Source data:
* * *

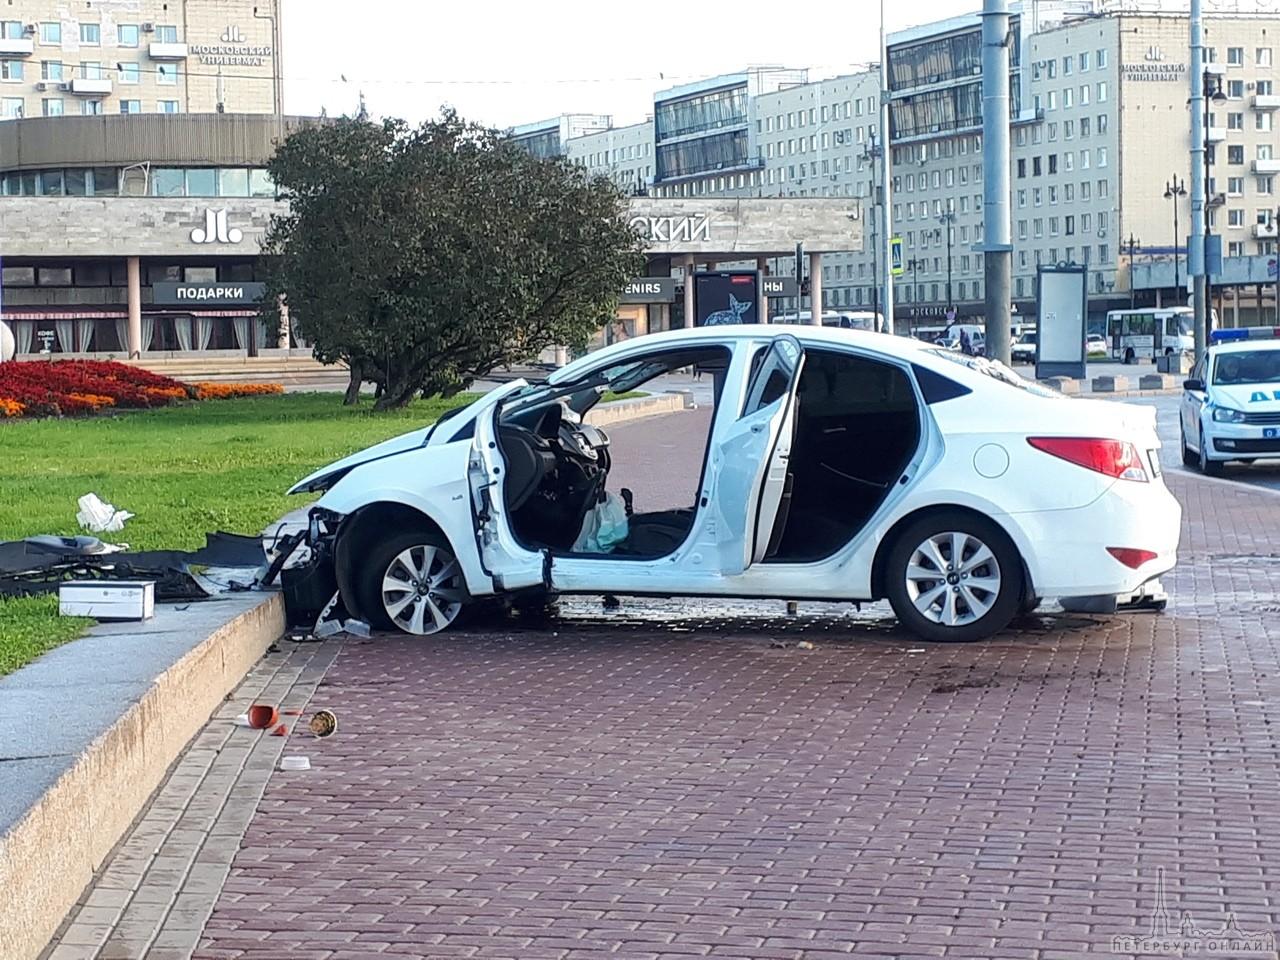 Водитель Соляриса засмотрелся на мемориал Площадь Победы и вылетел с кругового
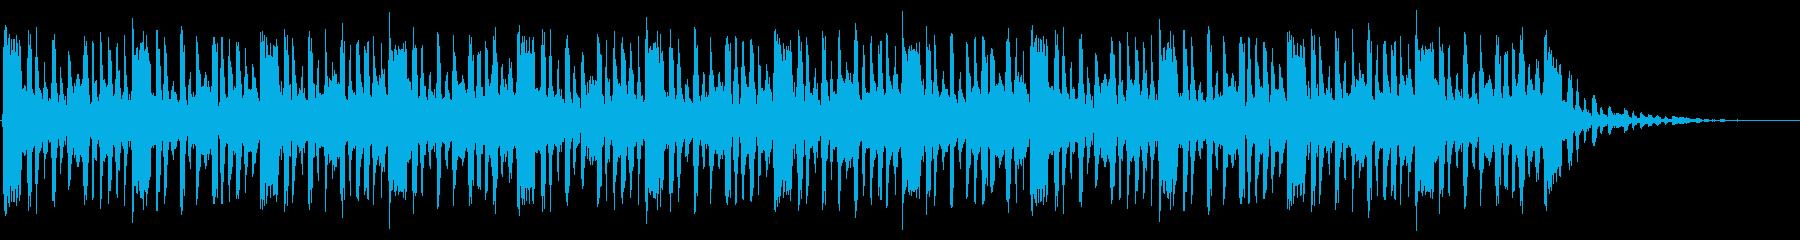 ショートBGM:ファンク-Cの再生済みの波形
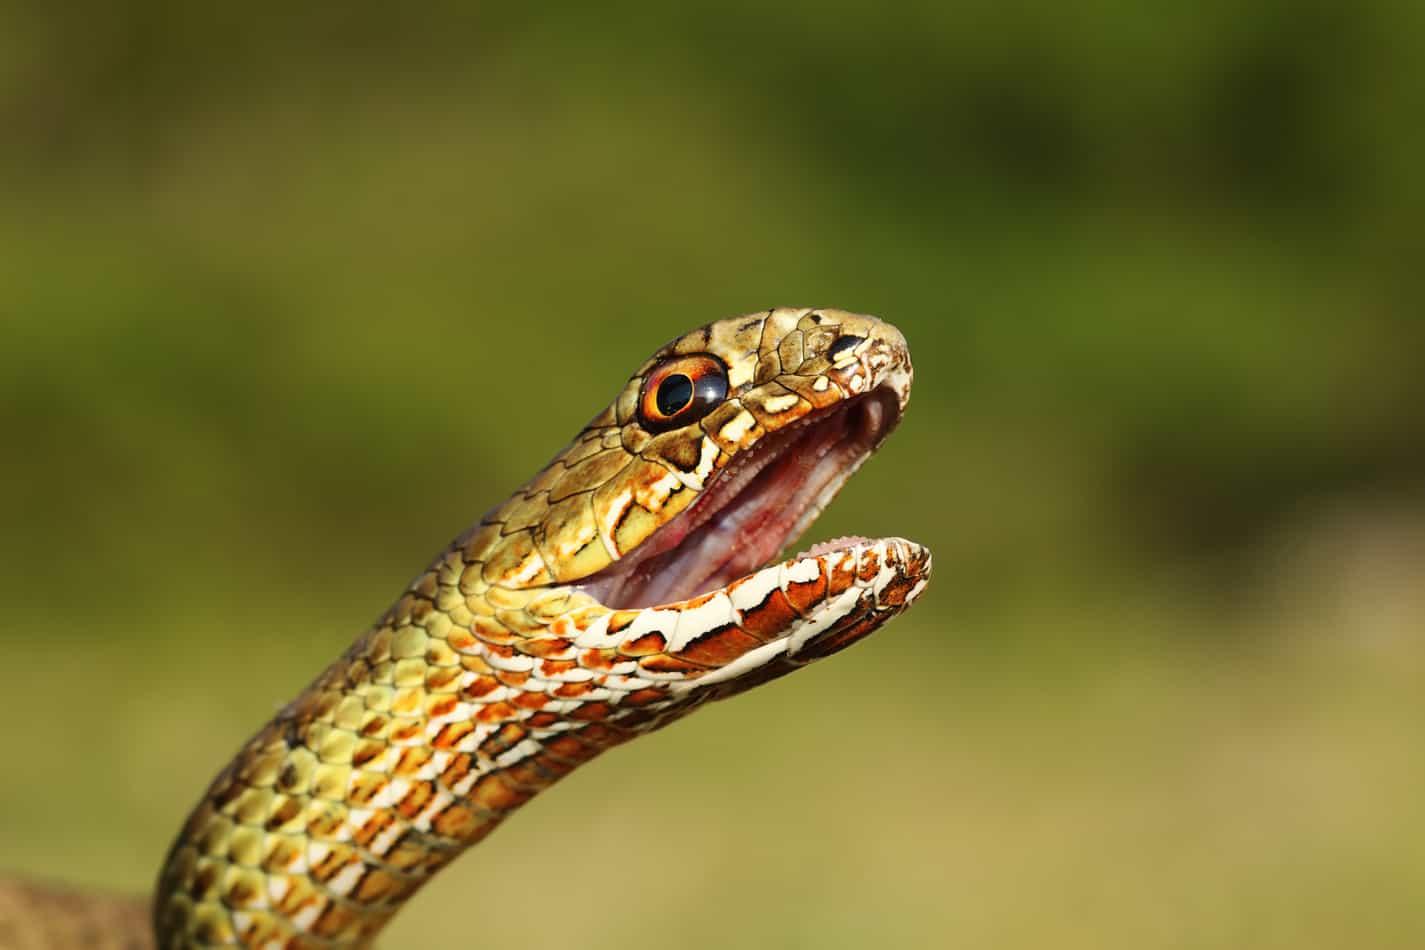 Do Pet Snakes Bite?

* * *

Task goal:
Repeat the data word for word; drop the pictures.

Your response:
 Водитель Соляриса засмотрелся на мемориал Площадь Победы и вылетел с кругового
 ショートBGM:ファンク-Cの再生済みの波形
 Do Pet Snakes Bite?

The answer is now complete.